We also met some workers from Nepal while they were having Dal and Rice in their lunch. Their hospitality touched deep in our hearts since despite not having much food, they offered a part to us as well.
Then we attended the live Pooja in the evening and went back to our rooms for a comfy sleep since we had to wake up early the next day.
On this trip, everyday you have to start really very early if you want to explore things, since as the day starts, the crowd keeps on increasing. And so we did, waking up at 4 in the morning, taking bath at -5°C with just lukewarm water and getting ready for standing up in the long queue before entering the temple. But as soon as you enter the temple, you forget everything, you just forget each every pain you have taken to reach there. It's a magical place whole inside, you can not take you eyes off the beautiful carvings done on the walls of the temple. Seriously those 15 minutes were the most serene moments of my life.
As we got out we started our trek down to Gaurikund. While descending down I will recommend you taking shortcuts used by local people, as they cut down the distance a bit and saves you from getting in the ways of those horses. Moreover you will get to feel the adventure in these paths when you will walk on glaciers and across waterfalls. Yes, these paths can also be risky at times so always take care while negotiating these tough paths.
It took us just 7 hours to descend down, before we got into our cars. Not much time was remaining before sunset and since it is always risky to drive in dark in mountains, we decided to take a halt at Agastyamuni.
Now today we started our way towards Badrinath, for which we drove upto Rudraprayag and diverge for our destination. There is another route as well where you diverge from Ukhimath and can add Deoria Tal trek and Chopta Tungnath trek in your trip as well, but we were not having much time so we skipped these two beautiful places. The journey becomes much beautiful as soon as you cross Chamoli and becomes totally scenic as you reach Joshimath, since you start gaining altitude very fastly. You better take the window seat for this scenic drive from Joshimath-Badrinath.
When we reached the temple we have to wait for another 1 hour in lines to get inside the temple. And the atmosphere inside the temple was again mesmerizing. My words cannot justify the beauty of the temple. All the pains you took to get one sight of that Lord Vishnu's 'pratima' are totally worth it.

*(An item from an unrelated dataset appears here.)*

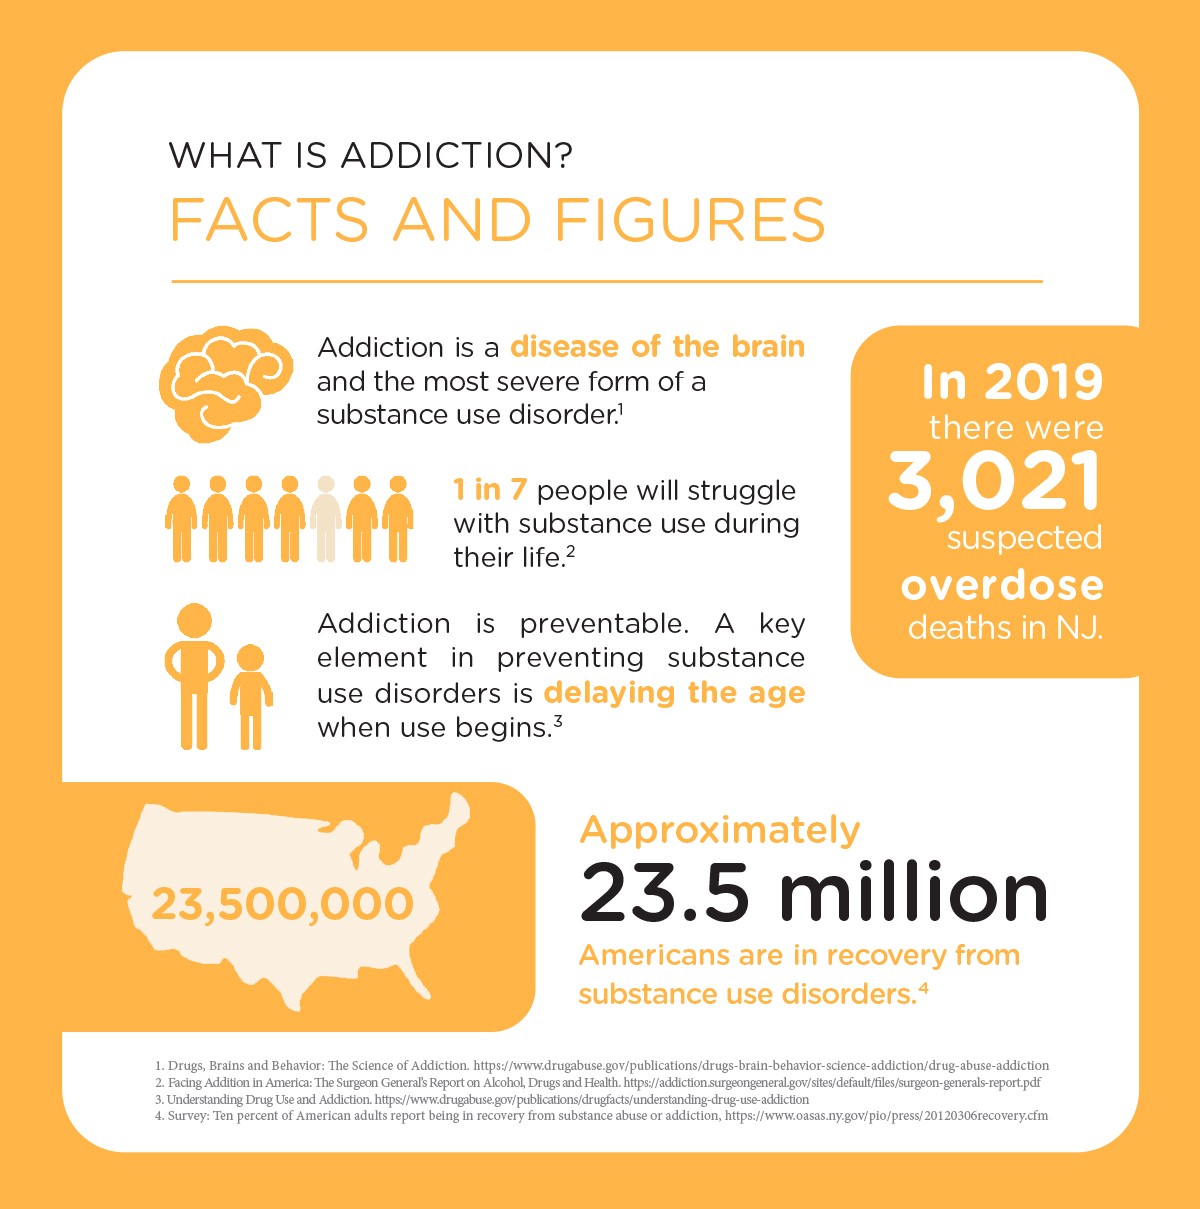 Addiction facts and figures

There we also got a chance to meet New Zealand supermodel Rachel Hunter while she was there for shooting for a show on Yoga.
Now it was all how long we can drive before taking a halt for the night. We ate and slept in Joshimath itself.
Now it was a day we spent whole of which in the car itself driving our way back to Delhi. Nothing much to seek out for today, except our break at Karnprayag.
It's one of the 5 'Prayags' you witness in this journey where rivers Alaknanda and Pindar meets each other. I would recommend you that if you want to take a bath in one of these 5 pure river confluences then Karnprayag is best suited for the purpose, since the rapids are not as wild as other 4 with most dangerous ones at Devprayag. But be careful because these rivers can take a different outlook in no time and any careless attitude can land you in trouble since both these rivers carry a lot of volume in them.
You can also have some great food in here in Karnprayag as it is whole of a small town with highways diverging for many popular destinations as well.
The rest of our journey towards Delhi is just like any other road trip.
Hope you like my narration of this beautiful Journey.